It worked: the Smashing Pumpkins — or “The Mighty SP,” as the marketing machine behind the band has rechristened them — were one of the most successful alt-rock juggernauts of the ’90s. That reality bite was nearly lost in the wake of the cold, misguided digital mess of The Future Embrace, an album that had the once heroic Corgan playing to a more selective audience. Not even the empty buzz about a Pumpkins reunion could save that tour. But Corgan has spent most of the past two years working to rebuild his Smashing successes: D’Arcy’s been replaced by another hot blonde chick on bass, Ginger Reyes; and Iha’s role has been taken by another passable guitarist, Jeff Schroeder. Only Jimmy Chamberlin, the troubled but now clean powerhouse drummer, remains from the original incarnation.

It’s hard to pinpoint exactly when Corgan became so ridiculous. Mellon Collie and the Infinite Sadness (Virgin), the 1995 double album that cemented the Smashing Pumpkins’ legacy, was a grand, majestic alt-rock guitar symphony, wasn’t it? But somewhere between courting Courtney Love and replacing D’Arcy with Hole bassist Melissa Auf der Maur in ’99, Corgan devolved from a curious character into an oafish caricature. By the time he began appearing in that form-fitting black leather get-up for the 2000 Machina tour, he looked like an extra in the superhero spoof Mystery Men — the Black Plague, Mr. Melancholy, or Dr. Dismal. Did Corgan miss the Simpsons episode in which Homer thanks him for lowering Bart and Lisa’s hopes for the future, or did he just miss the subtext?

If Zeitgeist is any answer, he doesn’t care. The album is a testament to Corgan’s skill as a sonic architect: from the opening snare salvos that explode into the dense metallic churn of “Doomsday Clock” to the choirlike harmonies that hover over the funereal procession of “Bleeding the Orchid” to the ghostly guitars that haunt the desolate corners of the nine-minutes-plus “United States,” Zeitgeist is an impressive feat of studio engineering. But titles like “For God and Country” and “United States” promise more than just the same old self-obsessed brooding. Yet, in his efforts to prove he can still do it all himself, Corgan neglected to populate these huge cathedrals of sound, stacked high with guitars, with anything more than the echo of his own voice answering from across the digital divide. The chorus “We are stars/We are” (“Starz”) is as empty as it is desperate. And too often, Corgan’s lyrics read like a suicidal Dr. Suess: sure, he drops Kafka’s name in “Doomsday Clock,” but, at best, lyrics like “Please don’t stop/It’s lonely at the top/These lonely days/When will they ever stop” are Kafka for Idiots.

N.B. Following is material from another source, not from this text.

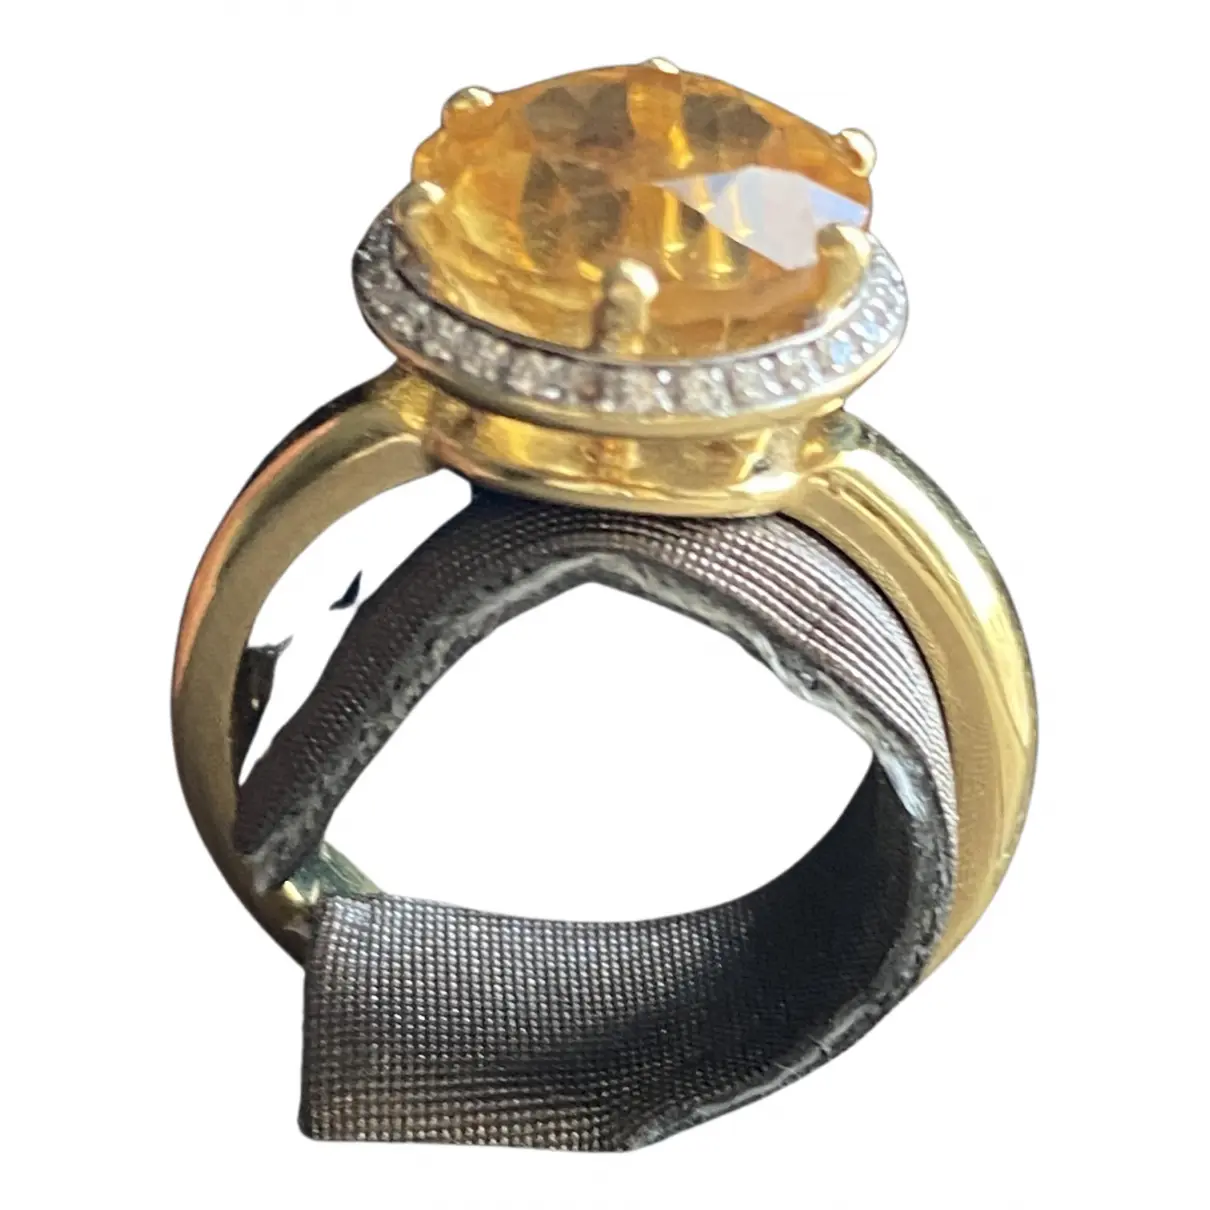 Buy Damiani Yellow gold ring online

None of which makes Corgan a bad person. Zeitgeist is, as advertised, discomfort food for the ailing alternative nation. And it’s doing its job: the disc entered the US charts at #2, and is performing just as well abroad. Even better, “The Mighty SP” has reacted with uncharacteristic humor to a faux letter from Corgan that was recently published in the Seattle weekly The Stranger, proclaiming the greatness of the Smashing Pumpkins. An official response from “The Mighty SP” posted on smashingpumpkins.com suggests that the song “United States” was, “in its original form . . . well over an hour long and included a reciting of the Declaration of Independence narrated by all original cast members of the film Reality Bites starring Winona Ryder.” It also states that “8 out of 10 purchasers of the new album Zeitgeist have confirmed that they have experienced increased muscle mass after only two listenings.” Maybe that explains the bizarre white-caped crusader look Corgan’s sporting in the video for “Tarantula.” Either way, a little more humor would go a long way in the lonely world of Billy Corgan.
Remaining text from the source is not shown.